FMC ACT OFFERING DOCUMENTS - PRODUCT DISCLOSURE STATEMENT AND REGISTER
ENTRY
The FMC Act requires the preparation of a single offering document that must be provided to investors
called the Product Disclosure Statement (PDS).
The PDS is intended to provide a clear, concise, and effective summary of information for investors to
aid their decision-making, and is subject to strict length limits (for example, a PDS for an offer of debt
securities is limited to 30 pages in length) with tightly prescribed contents. The PDS will be accompanied
by a register entry. All regulated (that is, public) offers of financial products will have a register entry
on a website operated by the Registrar of Financial Service Providers, that will provide additional, more
detailed information such as full financial statements and ongoing information.

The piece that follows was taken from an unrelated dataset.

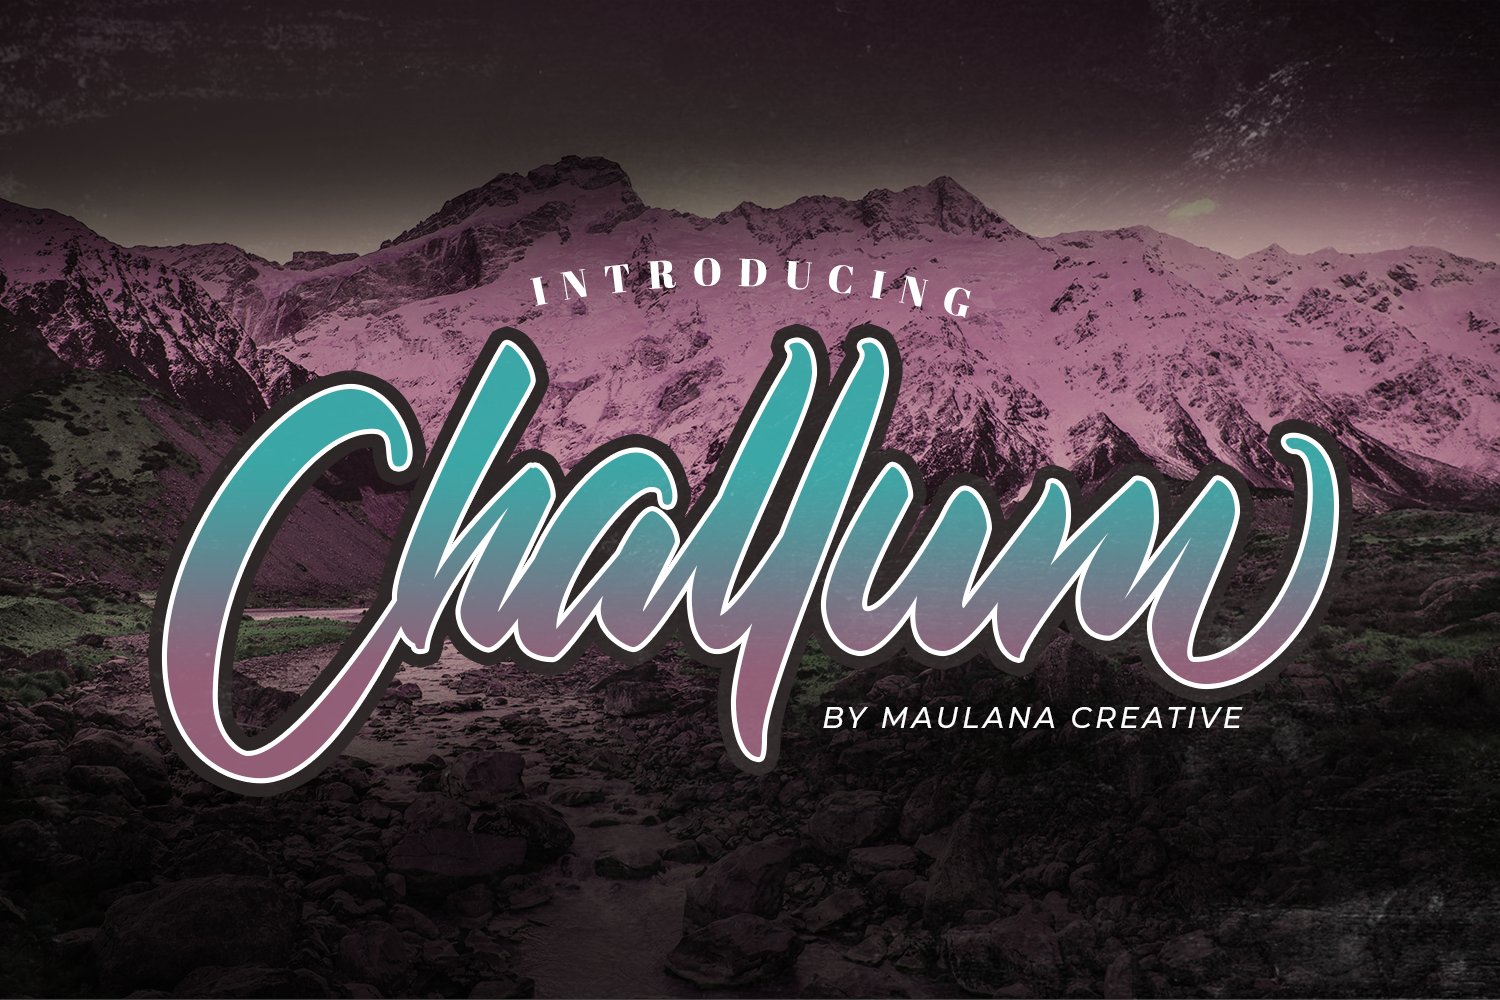 Challum Handwritten Script Font cover image.

The particular requirements for the contents of the PDS and the register entry are set out in the Financial
Markets Conduct Regulations 2014.
“New Zealand has one national stock exchange operated
by NZX Limited (NZX). NZX is termed a ‘licensed market
operator’ under the FMC Act.”
New Zealand’s capital market
New Zealand has one national stock exchange operated by NZX Limited (NZX). NZX is termed a “licensed
market operator” under the FMC Act. It is licensed to operate New Zealand’s equity markets, including
the NZX Main Board, the NZX alternative market (NZAX) and NXT (pronounced “Next”) which wais
designed as a replacement for NZAX, with a particular focus on developing companies and companies
with non-traditional structures requiring access to the market. While the NZX Main Board, NZAX and NXT
continue to trade at the time of writing, NZX is no longer accepting NZAX or NXT-listing applications.
NZX has recently undertaken an extensive review and market consultation process in relation to its equity
market structure (Market Review). The primary outcome of the Market Review is that, with effect on and
from 30 June 2019, the NZX Main Board, NZAX and NXT will be consolidated and operate solely via the
NZX Main Board. This consolidation of equity markets requires all NZAX and NXT-listed issuers to migrate
to the NZX Main Board. NZAX and NXT-listed issuers can voluntarily elect to migrate to the NZX Main
Board prior to 30 June 2019 or will be deemed to have done so automatically with effect on and from 30
June 2019.
While equity securities constitute the majority of trading in New Zealand, there are facilities for trading in
a wide range of securities including hybrids and debt securities.
An unregistered stock exchange also operates in New Zealand (“Unlisted”, unlisted.co.nz). Like NXT,
Unlisted is targeted towards small to mid-sized, growth companies. In December 2015, the FMA granted
an exemption to Unlisted from the licensing requirements of the FMC Act. Accordingly, investors
trading in securities listed on Unlisted do not have the same protections afforded to investors trading in
securities listed on NZX.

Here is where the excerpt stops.